12.2  Byte Stream with Mark Abortable States

   Byte Stream with Mark is designed to provide end-to-end stream
   consistency in the face of user program aborts.  This section
   describes user program aborts, and how Byte Stream with Mark handles
   them.  In the context of this document, "aborting" is defined as
   follows:  Aborting the current execution of a program means to halt
   that execution and to abandon it, never to complete it.  The data
   representing the state of the execution are irrevocably discarded.

   USER PROGRAM ABORTS AND I/O STREAMS

   Aborting the execution of the code that manipulates I/O streams, in
   general, poses significant problems.  Given that a stream is a static
   data object, and is intended to be used over and over again, aborting
   the execution of any routine manipulating a stream can leave it in an
   inconsistent, unusable state.

   Many operating systems solve this problem by manipulating a large
   subset of streams within the confines of the supervisor or executive
   program, which is not vulnerable to aborts, short of system or
   network failure.  Nevertheless, the need still exists to implement
   streams outside of the boundaries of the supervisor.  Furthermore,

Top       Page 76 
   the Symbolics computer environment has no supervisor or executive
   program, and is thus vulnerable to aborts everywhere.

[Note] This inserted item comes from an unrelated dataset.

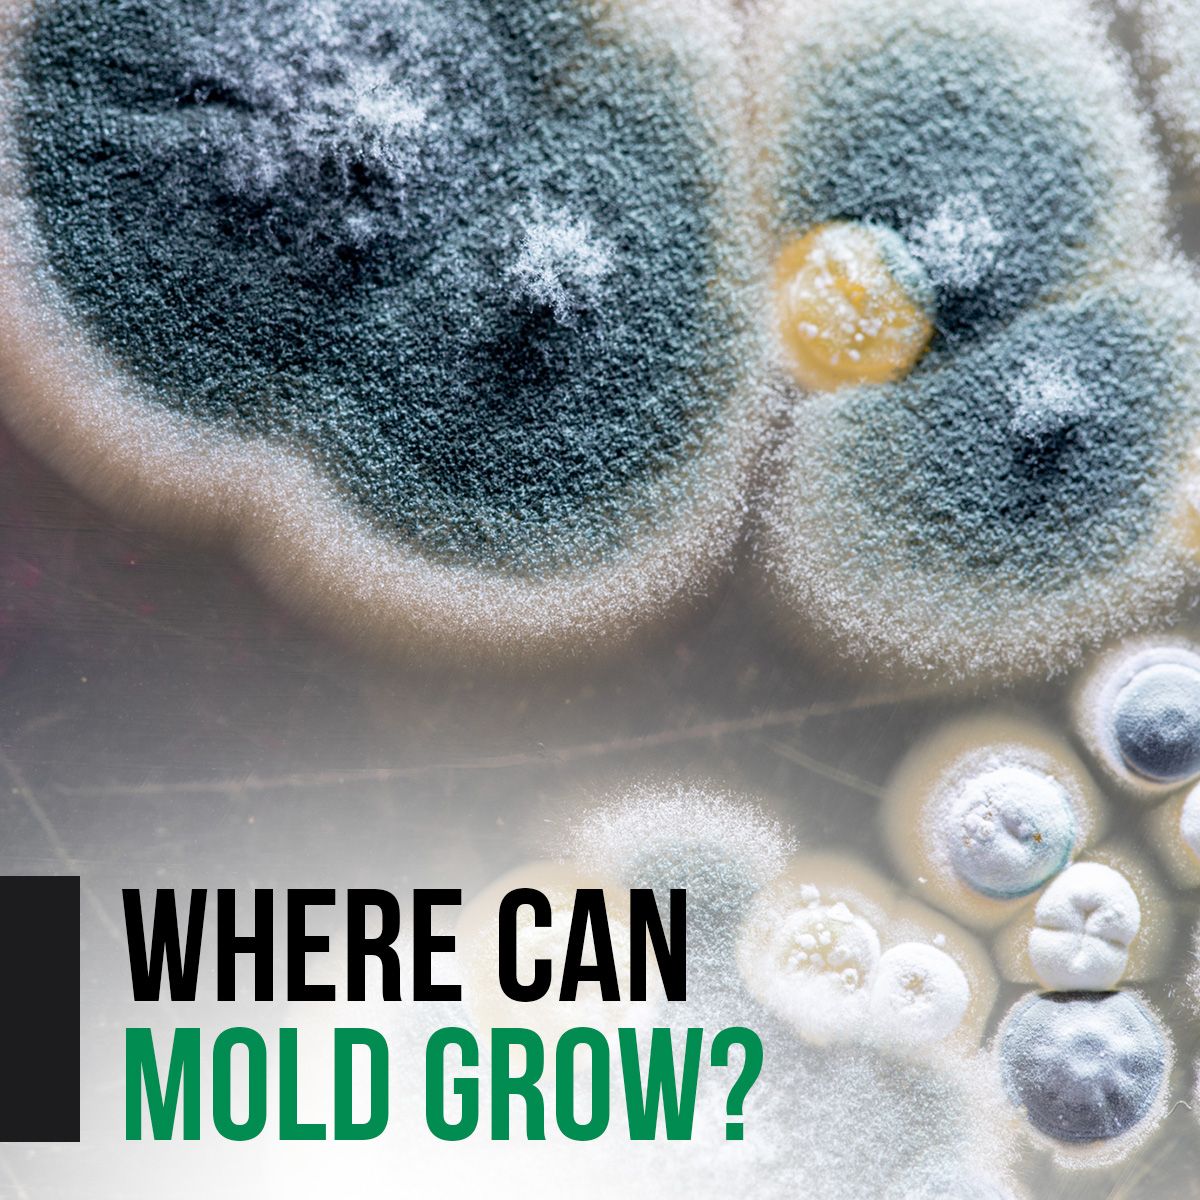 Where Can Mold Grow?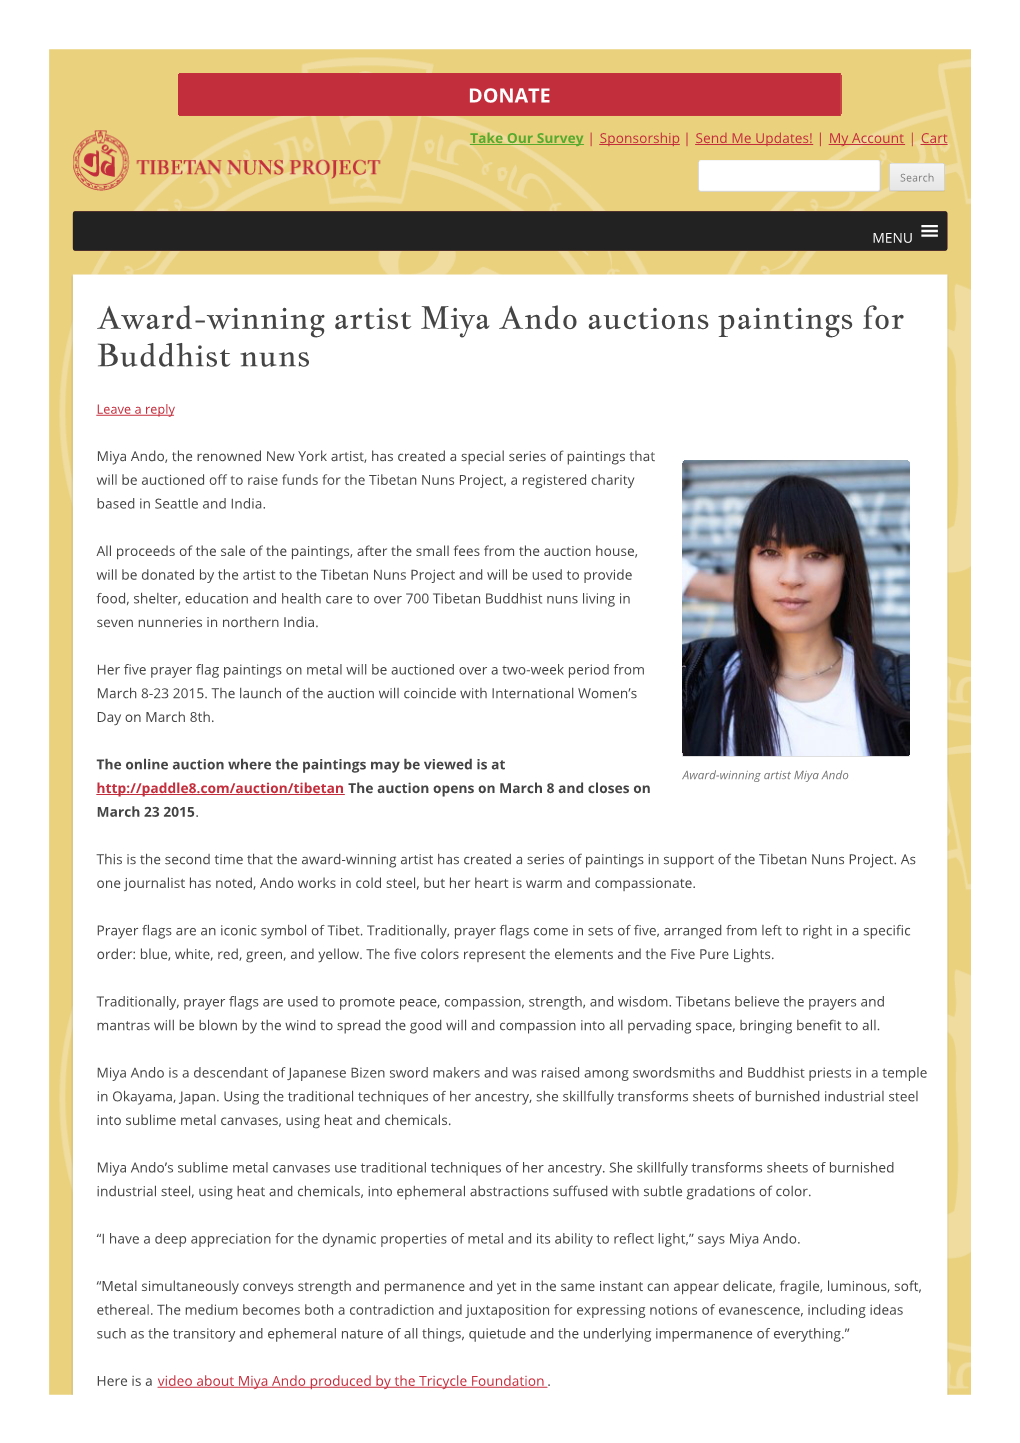 Award-Winning Artist Miya Ando Auctions Paintings for Buddhist Nuns

   BYTE STREAM WITH MARK HANDLING OF USER PROGRAM ABORTS

   Byte Stream with Mark is designed to be nearly impervious to the
   aborting of programs using it.  Its design is based on careful
   analysis of all possible states of the stream, and of the effect of
   aborts of the programs using the stream in each of these states.
   This section provides that analysis.

   A "transmission" is a collection of user data sent by the application
   level through the Byte Stream with Mark whose end is well-defined,
   once its start has been recognized.  For instance, the token list
   stream, when using Byte Stream with Mark, sends token lists.  When a
   TOP-LEVEL-LIST-BEGIN has been sent, the containing transmission is
   not considered complete until the corresponding TOP-LEVEL-LIST-END is
   read.  See the section "Token List Transport Layer", section 11.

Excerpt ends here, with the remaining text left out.